No need to be sorry just a learning curve know no FB, try in the same thread just edit with different picture size, thanks for posting up your pic, would be good to see it in action?

Maybe admins could put up a constructive sticky thread on this very subject for best setting etc, as a lot less pics posted of late may well encourage others to post more, that's what the site needs to move forward:thumb:


----------



## rubberducky1957 (Jan 8, 2016)

Willows-dad said:


> Yeah sorry about that. Just switched to imgur and have no idea why they're so large, or how to change them.

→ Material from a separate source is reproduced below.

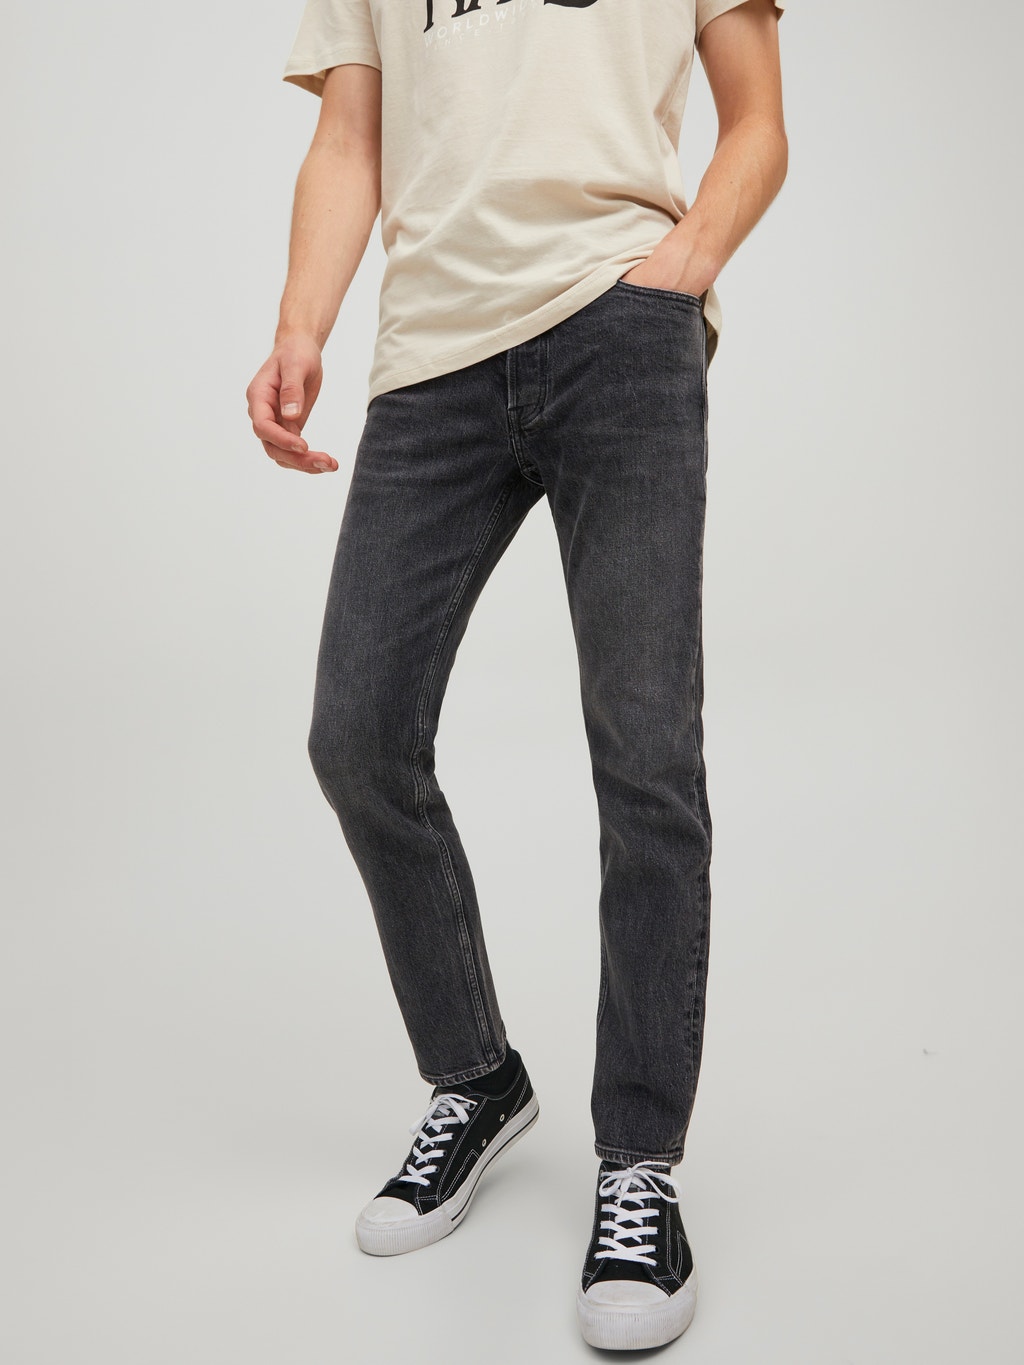 Tim CJ 915 Slim/straight fit jeans with 20% discount! |

Open your pic then select Huge Thumbnail as the size and click the BBCode link then paste onto the thread. :thumb:


----------



## Rayaan (Jun 1, 2014)

Willows-dad said:


> Yeah sorry about that. Just switched to imgur and have no idea why they're so large, or how to change them.


Put h or l in front of the .jpg like so (h.jpg, or l.jpg)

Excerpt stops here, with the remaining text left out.